DIRECTIONS -
The whole listing below needs to be duplicated exactly, pictures aside.

RECORDED DATA -
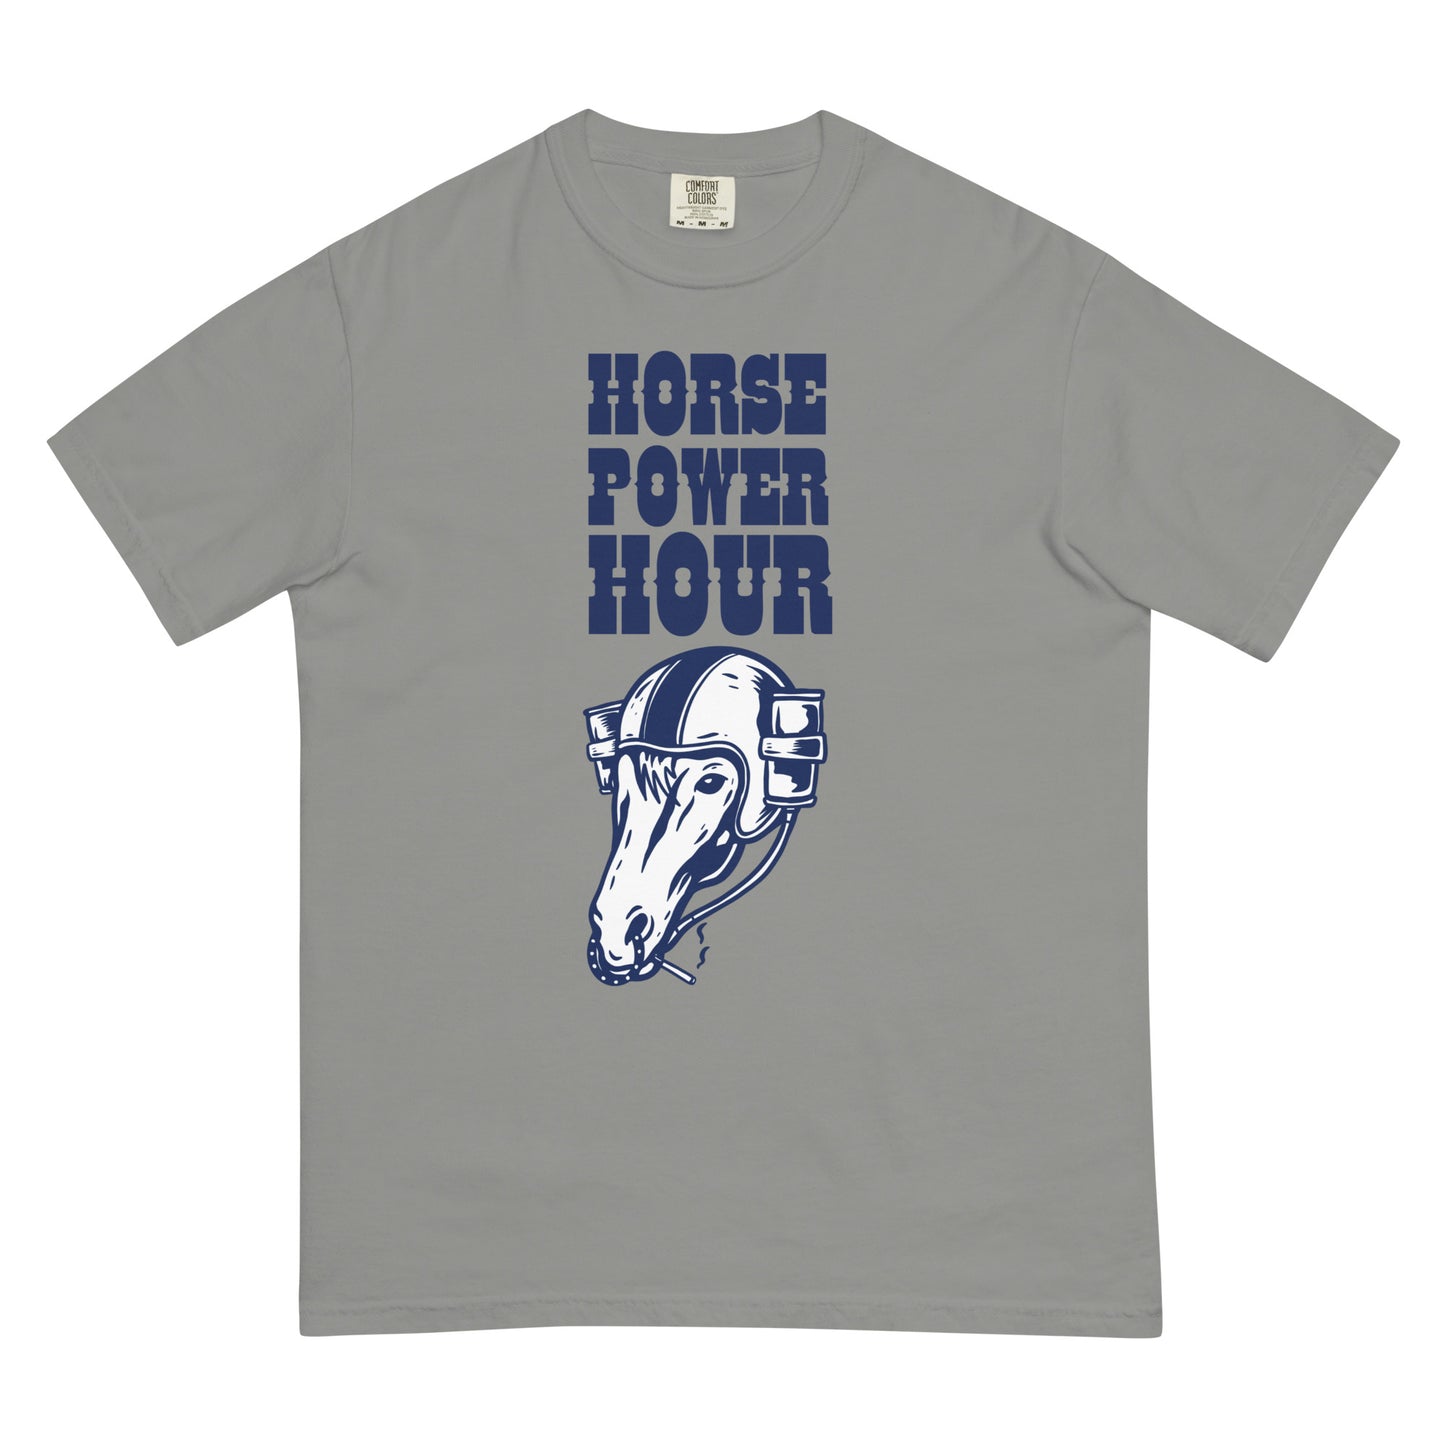 Horse Power Hour T-Shirt
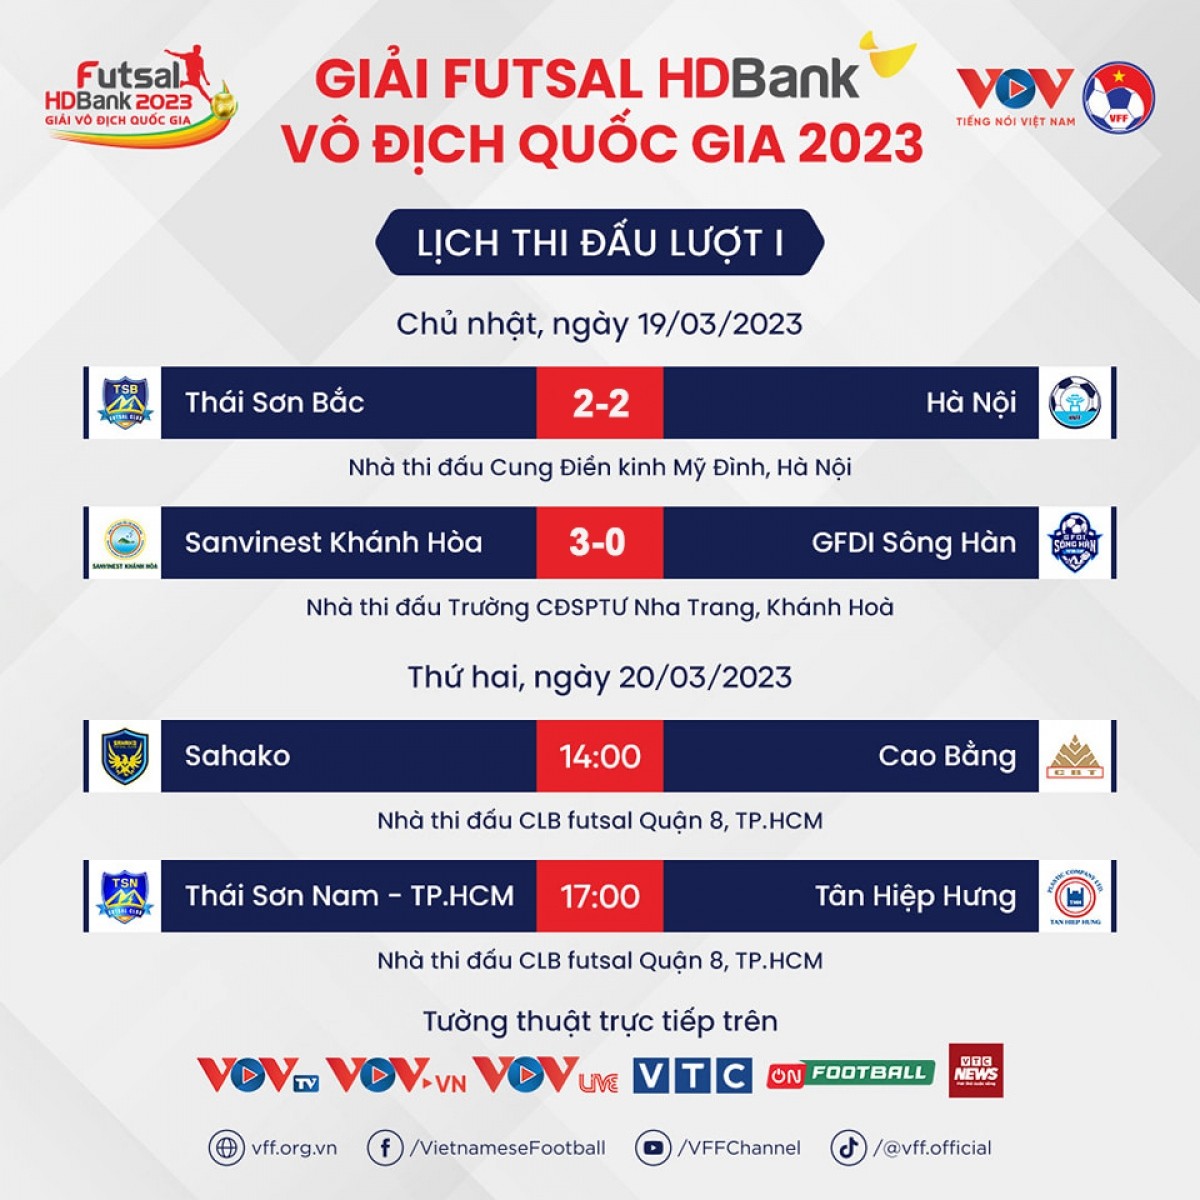 Lịch thi đấu giải Futsal HDBank VĐQG 2023. (Ảnh: VOV)
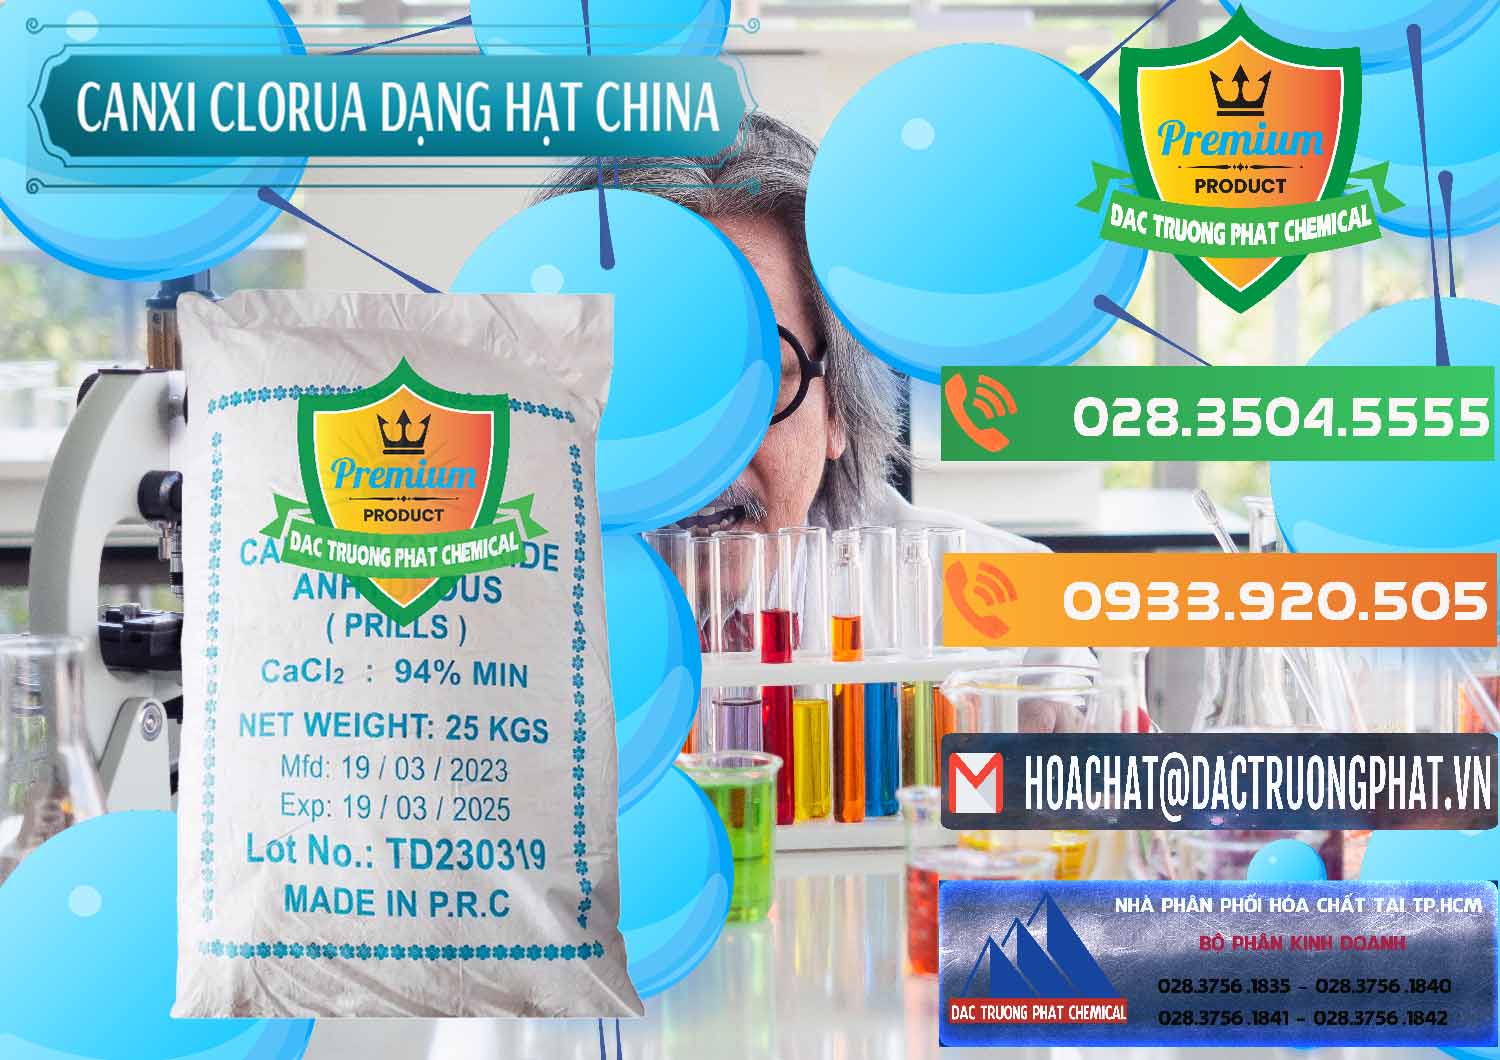 Cty bán _ cung ứng CaCl2 – Canxi Clorua 94% Dạng Hạt Trung Quốc China - 0373 - Cty cung cấp _ phân phối hóa chất tại TP.HCM - hoachatxulynuoc.com.vn
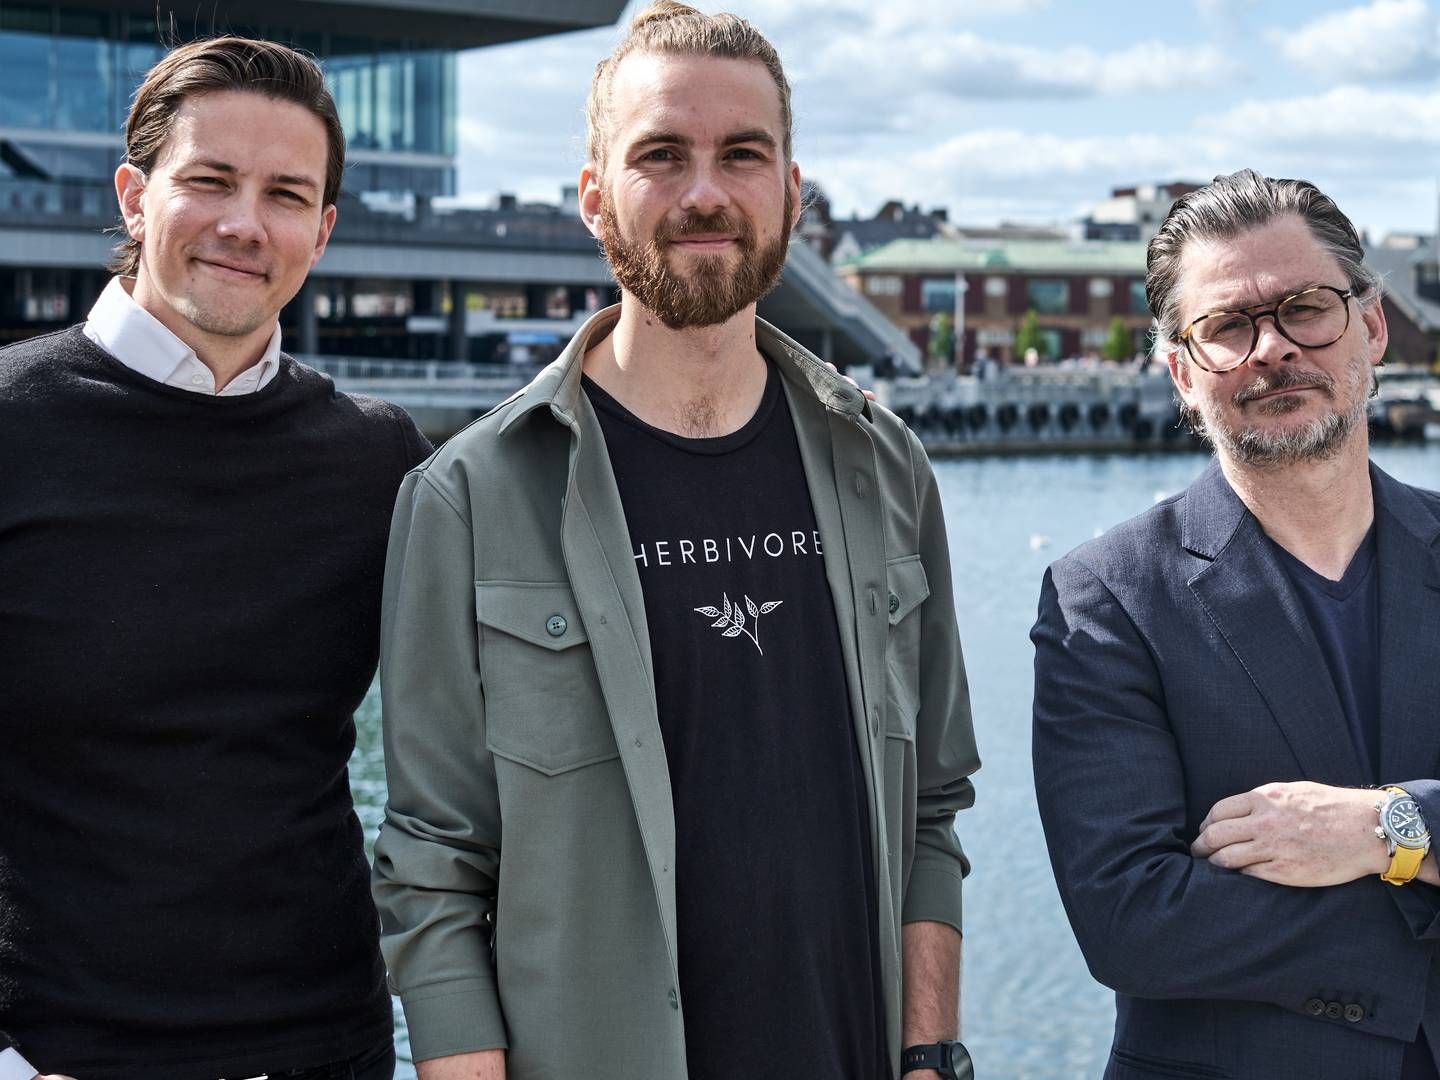 Fra venstre ses Jacob Vorsø Pedersen, Christian Thisted og Chris Albert Pedersen. Sidstnævnte er direktør og medejer i Fellow Pay. | Foto: PR / Ray Løvschall

PROBLEM SOLUTION -
 Horse Power Hour T-Shirt
 Lịch thi đấu giải Futsal HDBank VĐQG 2023. (Ảnh: VOV)
 Cty bán _ cung ứng CaCl2 – Canxi Clorua 94% Dạng Hạt Trung Quốc China - 0373 - Cty cung cấp _ phân phối hóa chất tại TP.HCM - hoachatxulynuoc.com.vn
 Fra venstre ses Jacob Vorsø Pedersen, Christian Thisted og Chris Albert Pedersen. Sidstnævnte er direktør og medejer i Fellow Pay. | Foto: PR / Ray Løvschall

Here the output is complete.